Okay, I can understand now, so the reason here is the limitation (BUG_ON,
WARM_ON in iomap_inline_xxx functions) makes inline page should only contain one
mapping, then to generalize it, we should consider the unaligned case in between
page size and block size.

> 
>>> to be block aligned. If the block size is smaller than the page size,
>>
>> - reiserfs tries to find last page's content, if the size of that page's valid
>> content is smaller than threshold (at least less than one block), reiserfs can
>> do the packing.
>>
>> - erofs' block size is 4kb which is the same as page size.
>>
>>
>> Actually, for IOMAP_TAIL, there is no users who need to map more than one block
>> into metadata, so I'm not sure that we should support that, or we just need to
>> let code preparing for that to those potential users?
> 
> How about architectures with PAGE_SIZE > 4096? I'm assuming that erofs

We haven't considered the PAGE_SIZE > 4096 case yet.

> doesn't require block size == PAGE_SIZE?

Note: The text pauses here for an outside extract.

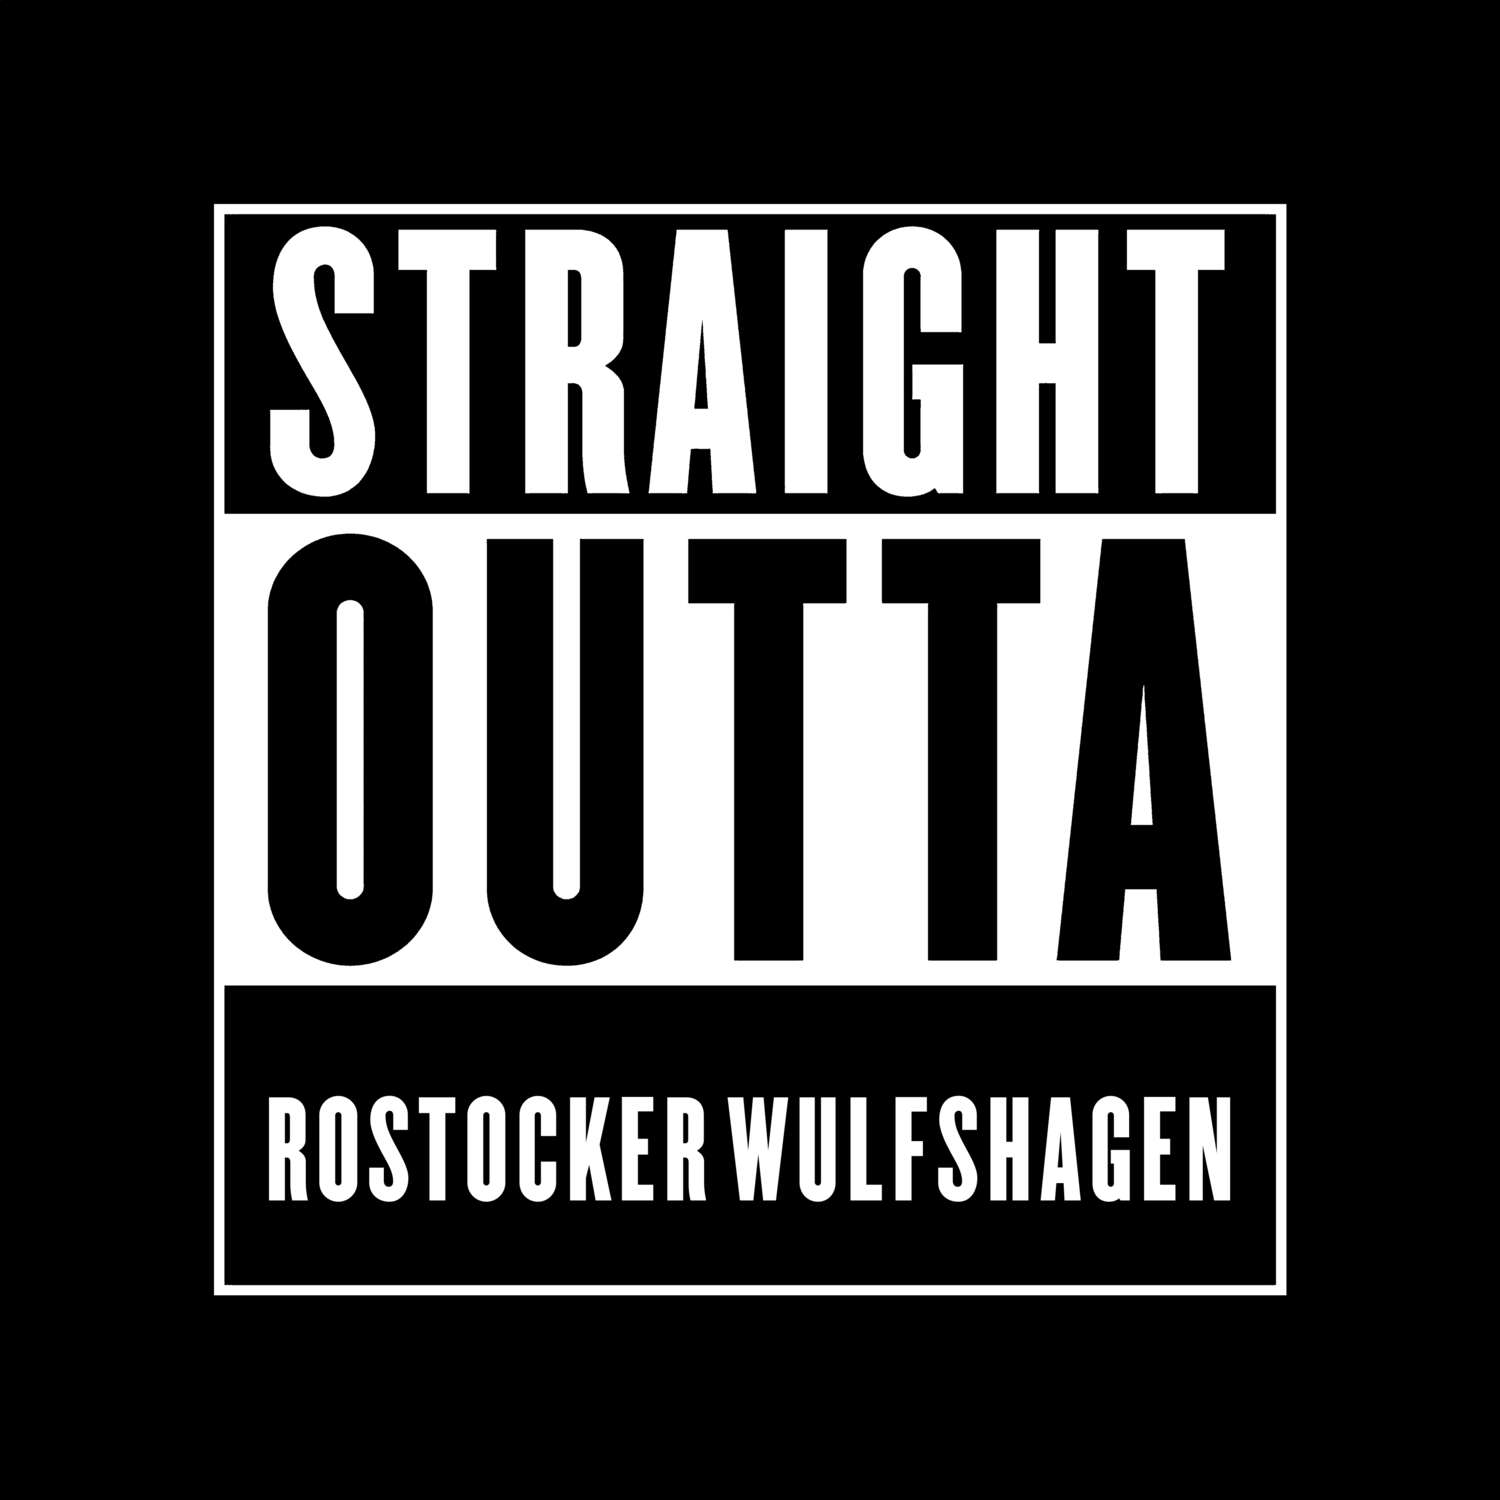 Rostocker Wulfshagen T-Shirt »Straight Outta«

At least now erofs block size is 4KB by default.

> 
>> Thanks,
>>
>>> a tail page can consist of more than one mapping. So
>>> iomap_read_inline_data needs to be changed to only copy a single block
>>> out of iomap->inline_data, and we need to adjust iomap_write_begin and
>>> iomap_readpage_actor accordingly.
>>>
>>> * Functions iomap_read_inline_data, iomap_write_end_inline, and
>>> iomap_dio_inline_actor currently all assume that we are operating on
>>> page 0, and that iomap->inline_data points at the data at offset 0.
>>> That's no longer the case for IOMAP_TAIL mappings. We need to look
>>> only at the offset within the page / block there.
>>>
>>> * There are some asserts like the following int he code:
>>>
>>>   BUG_ON(size > PAGE_SIZE - offset_in_page(iomap->inline_data));
>>>
>>> Those should probably be tightened to check for block boundaries
>>> instead of page boundaries, i.e. something like:
>>>
>>>   BUG_ON(size > i_blocksize(inode) -
>>> offset_in_block(iomap->inline_data, inode));
>>>
>>>> Signed-off-by: Chao Yu <yuchao0@huawei.com>
>>>> ---
>>>>  fs/iomap.c | 4 +---
>>>>  1 file changed, 1 insertion(+), 3 deletions(-)
>>>>
>>>> diff --git a/fs/iomap.c b/fs/iomap.c
>>>> index 12654c2e78f8..d1c16b692d31 100644
>>>> --- a/fs/iomap.c
>>>> +++ b/fs/iomap.c
>>>> @@ -264,13 +264,12 @@ static void
>>>>  iomap_read_inline_data(struct inode *inode, struct page *page,
>>>>                 struct iomap *iomap)
>>>>  {
>>>> -       size_t size = i_size_read(inode);
>>>> +       size_t size = iomap->length;
>>>
>>> Function iomap_read_inline_data fills the entire page here, not only
>>> the iomap->length part, so this is wrong. But see my comment above
>>> about changing iomap_read_inline_data to read a single block above as
>>> well.
>>>
>>>>         void *addr;
>>>>
>>>>         if (PageUptodate(page))
>>>>                 return;
>>>>
>>>> -       BUG_ON(page->index);
>>>>         BUG_ON(size > PAGE_SIZE - offset_in_page(iomap->inline_data));
>>>>
>>>>         addr = kmap_atomic(page);
>>>> @@ -293,7 +292,6 @@ iomap_readpage_actor(struct inode *inode, loff_t pos, loff_t length, void *data,
>>>>         sector_t sector;
>>>>
>>>>         if (iomap->type == IOMAP_INLINE) {
>>>> -               WARN_ON_ONCE(pos);
>>>>                 iomap_read_inline_data(inode, page, iomap);
>>>>                 return PAGE_SIZE;
>>>>         }
>>>
>>> Those last two changes look right to me.
>>>
>>> Thanks,
>>> Andreas
>>> .
>>>
> 
> At this point, can I ask how important this packing mechanism is to
> you? I can see a point in implementing inline files, which help
> because there tends to be a large number of very small files. But for
> not-so-small files, is saving an extra block really worth the trouble,
> especially given how cheap storage has become?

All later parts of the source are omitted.